En otro de esos consumados sermones sobre el Salvador que se hallan a lo largo y ancho del Libro de Mormón, Abinadí hizo las siguientes declaraciones sobre el Hijo de Dios:

  • “Dios mismo” expiaría los pecados y las iniquidades de Su pueblo.
  • Cristo representaría los papeles mortales de Padre e Hijo.
  • La ley de Moisés era un símbolo de Cristo, quien habría de venir.
  • Cristo moraría en la carne y sufriría tentaciones,, mas no cedería a ellas.
  • El Salvador permitiría que Su propio pueblo se mofara de Él, lo azotara, lo expulsara y lo repudiara.
  • Obraría “muchos grandes milagros” sólo para ser llevado sin resistencia a la crucifixión.
  • Su “intercesión por los hijos de los hombres” sería un reflejo de la misericordia y la compasión que le permitirían interceder entre el pueblo y las demandas de la justicia.
  • En el proceso de la Expiación quebrantaría las ataduras de la muerte, tomaría sobre Sí las transgresiones de todos, satisfaría las demandas de la justicia y redimiría a Su pueblo.
  • La “progenie” de Cristo (los “hijos de Cristo” mencionados por el rey Benjamín) serían aquellos que creyesen en los profetas y acudiesen a Cristo en busca de una redención de sus pecados. Por éstos tomaría Cristo los pecados y para ellos sería plenamente eficaz Su muerte.
  • De no ser por esta redención y resurrección, toda la humanidad tendría que perecer.
  • Cristo llevaría a cabo una “primera resurrección” que incluiría a los fieles que vivieran y murieran antes de Su muerte, entre los que se incluyen los niños pequeños y aquellos que habrían muerto en su madurez sin un conocimiento del Evangelio.
  • No habría resurrección de los rebeldes en la época de la resurrección de Cristo (o “la primera resurrección”).
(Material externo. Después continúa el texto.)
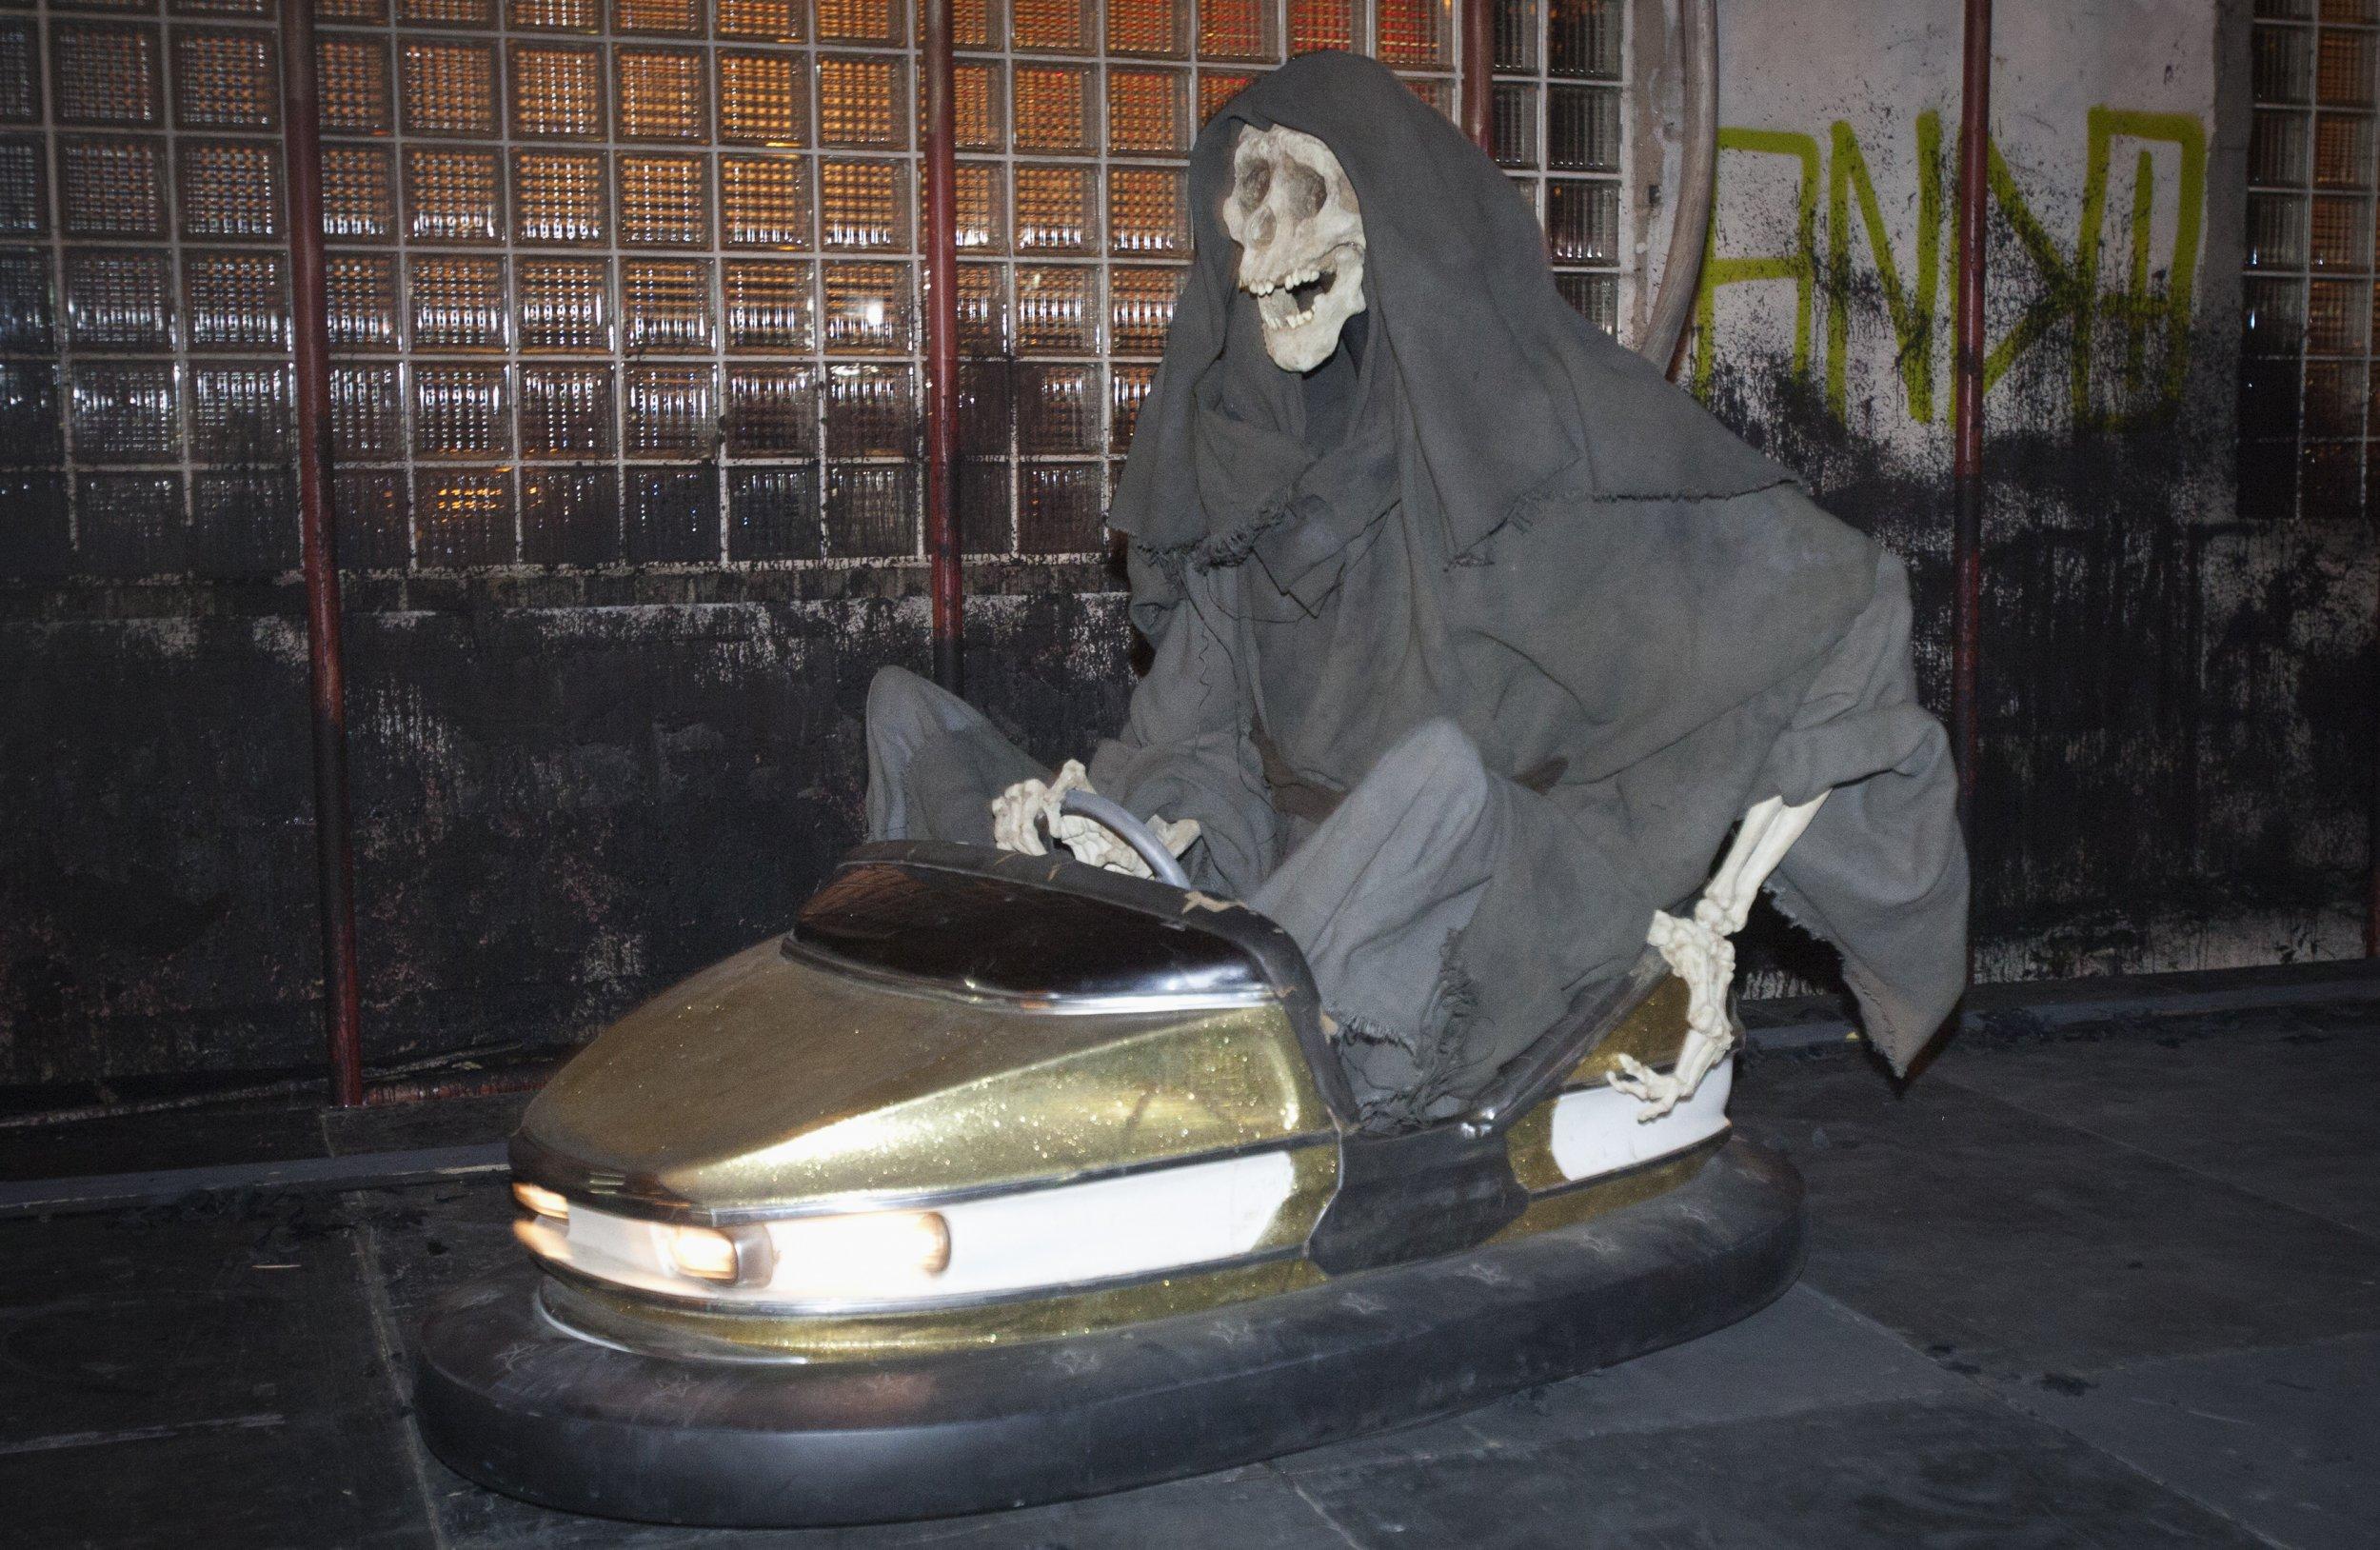 DeathBumperCar

Estas verdades, testificó, han constituido “las palabras de los profetas, sí, todos los santos profetas que han profetizado concerniente a la venida del Señor”.  Entonces Abinadí procedió a concluir su magistral sermón con esta declaración: “Si Cristo no hubiese venido al mundo, hablando de cosas futuras como si ya hubiesen acontecido, no habría habido redención.

“Y si Cristo no hubiese resucitado de los muertos, o si no hubiese roto las ligaduras de la muerte, para que el sepulcro no tuviera victoria, ni la muerte aguijón, no habría habido resurrección.

“Mas hay una resurrección; por tanto, no hay victoria para el sepulcro, y el aguijón de la muerte es consumido en Cristo.

“El es la luz y la vida del mundo; sí, una luz que es infinita, que nunca se puede extinguir; sí, y también una vida que es infinita, para que no haya más muerte…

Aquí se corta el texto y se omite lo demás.